Question

Question 7.18 Ethyl acetate is formed by the reaction between ethanol and acetic acid and the equilibrium is represented as:

CH3COOH(l) + C2H5OH(l) <---> CH3COOC2H5(l) + H2O(l)

(i) Write the concentration ratio (reaction quotient), Qc, for this reaction (note: water is not in excess and is not a solvent in this reaction)

(ii) At 293 K, if one starts with 1.00 mol of acetic acid and 0.18 mol of ethanol, there is 0.171 mol of ethyl acetate in the final equilibrium mixture. Calculate the equilibrium constant.

(iii) Starting with 0.5 mol of ethanol and 1.0 mol of acetic acid and maintaining it at 293 K, 0.214 mol of ethyl acetate is found after sometime.
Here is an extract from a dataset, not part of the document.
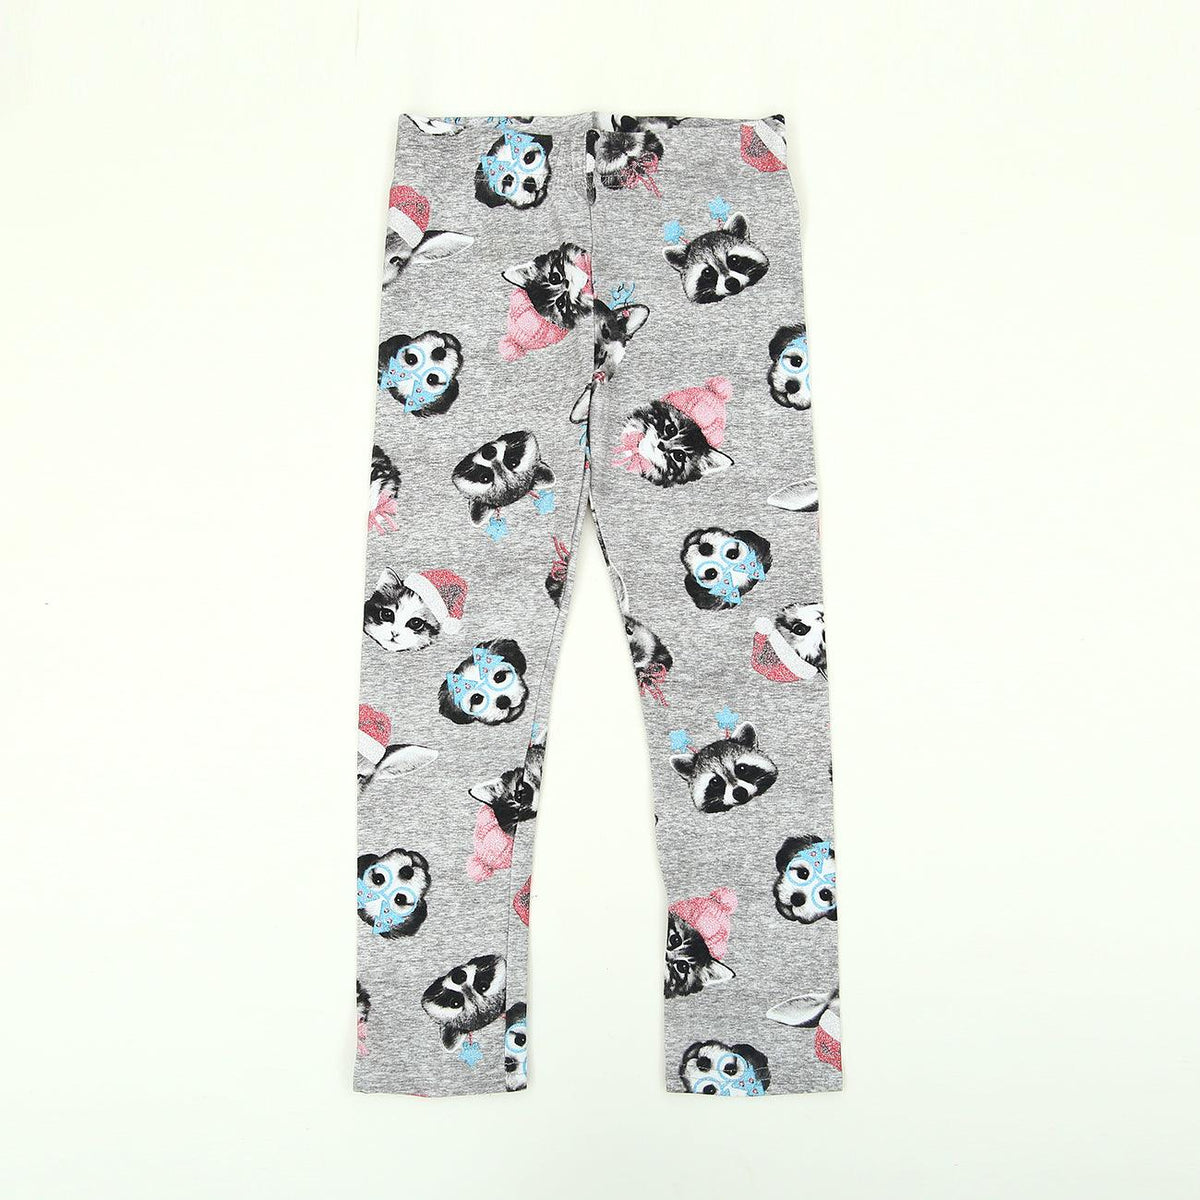 Imported All-Over Printed Soft Cotton Legging For Girls 3 YRS - 6 YRS (LE-11590) - Brands River

Has equilibrium been reached?

Class XI Equilibrium Page 226

Answer 1

CH3COOH(l) + C2H5OH(l) <=> CH3COOC2H5(l) + H2O(l)

(i) reaction quotient ( Qc) = [CH3COOC2H5][H2O]/[C2H5OH][CH3COOH]

Here, H2O is not excess that's why its concentration isn't constant.

(ii)
$\: \: \: \: \: \: \: \: \: \: \: \: \: \: \: \: \: \: \: \: \: CH_3COOH(l)+C_2H_5OH(l) < = > CH_3COOC_2H_5(l)+H_2O(l) \\ at \: t = 0 \: \: \: \: \: \: \: \: 1 \: mol \: \: \: \: \: \: \: \: \: \: \: \: \: \: \: \: \: \: \: \: \: \: \: \: \: \: 0.180mol \\ at \: eqlm \: \: \: (1 - x)mol \: \: \: \: \: \: \: \: \: (0.180 - x)mol \: \: \: \: \: \: \: \: \: \: \: \: \: \: \: \: \: \: \: \: \: x \: \: \: \: \: \: \: \: \: \: \: \: \: \: \: \: \: \: \: \: \: \: \: \: \: \: \: \: \: \: \: \: x$
Given,
[CH3COOC2H5] at equilibrium = 0.171 mol = x
so, x = 0.171 mol

hence, [CH3COOH] = 1 - x = 1 - 0.171 = 0.829
[C2H5OH] = 0.180 - x = 0.180 - 0.171 = 0.009
[CH3COOC2H5] = [H2O] = x = 0.171

now, Kc = [CH3COOC2H5][H2O]/[CH3COOH][C2H5OH]
= 0.171 × 0.171/0.829 × 0.009
= 3.919 ≈ 3.92
hence, Kc = 3.92

(iii) similarly,
at time t ,
[CH3COOH] = 1 - x = 0.5 - 0.214 = 0.786 mol
[C2H5OH] = 0.5 - x = 0.5 - 0.214 = 0.286 mol
[CH3COOC2H5]= x = 0.214 mol
[ H2O] = x = 0.214 mol

reaction quotient ( Qc) = [CH3COOC2H5][H2O]/[CH3COOH][C2H5OH]
= 0.214 × 0.214/0.786 × 0.286
= 0.2037 ≈ 0.204

Here, Qc ≠ Kc hence, equilibrium has not been reached.